Known as Faifo, Hoi An was once a major trading port of Asia in the 16 and 17th centuries. Despite the ravages of times and war, the ancient town remains much the same as it was in its heyday. The small town boasts an outstanding example of the cultural fusion between Vietnam and the outside world. This is a place for every kind of traveler: a UNESCO World Heritage Site with exceptional well-preserved architectures, slow-paced way of life, sandy beaches, custom-made suits and tasty dishes. A walking tour is the best way to see its entire ancient town.

Hoi An
The Japanese Covered Bridge is the symbol of the town. It was built in the 16th century by the Japanese with a Buddhist temple built into the bridge’s northern side.  The bridge is free for crossing except a small fee is required if you call on the temple.

There are many old houses and Tan Ky House is not the oldest yet one of the best preserved one through seven generations. The dark timber facade, quaint doorway and inner courtyard are typical of Chinese-Fukien design. Inside, decorations include Chinese characters inlaid with mother-of-pearl.

In a town full of historical and architectural landmarks, Fujian Assembly Hall is not to be missed. Once a gathering place for Chinese merchants, today it serves as one of the city’s largest and most ornate temples.

Hoi An has some museums highlighting the region’s history, including Museum of Sa Huynh culture with a collection of artifacts from the Sa Huynh culture dating to over 2,000 years ago. Next, the Museum of trade ceramics was established in 1995 in a wooden house.

If you want to discover the rural life, travel out the old town to traditional villages, in which Kim Bong woodworking village for its carpentry and traditional woodcarving products. The village craftsmen contributed their skills to many different architectural structures, including Hue Imperial capital. Just a couple of kilometers Northeastern Hoi An, Tra Que herb village is renowned for growing many kinds of vegetables and herbs.  A tour to Tra Que often involves in watching and joining some farming activities, learning to cook some simple dishes.

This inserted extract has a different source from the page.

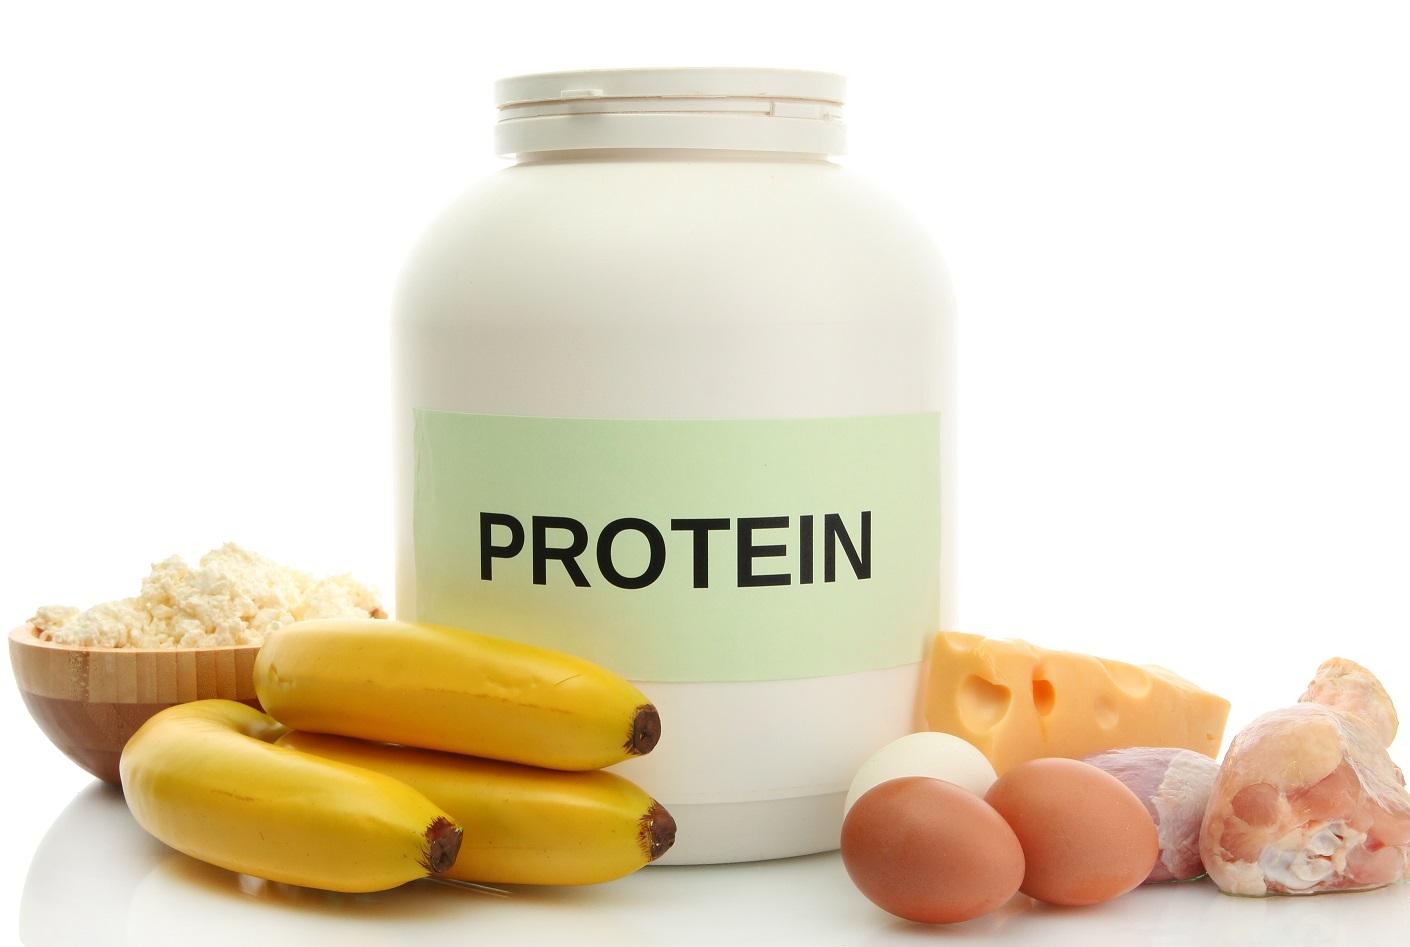 Вредна ли белковая диета для организма

Five kilometers from the town, Cua Dai Beach is popular with both locals and travelers alike for its sandy beach, warm water and fresh seafood. A cluster of 8 small islands that can be approachable from Cua Dai Beach is called Cham Islands.  The islands are set in aquamarine sea, making it an ideal excursion for diving and snorkeling the corals and marine life.

A half-day trip from Hoi An is My Son Sanctuary, where the capital of the once great Champa Kingdom situated.

The ancient town is known throughout Vietnam for its own unique dishes such as Cao Lau (a delicious combination of noodles, pork, bean sprouts, mint and croutons). It is also one of the best places in Vietnam for fast yet excellent quality custom-made clothing, silk, handicrafts, antiques and paintings.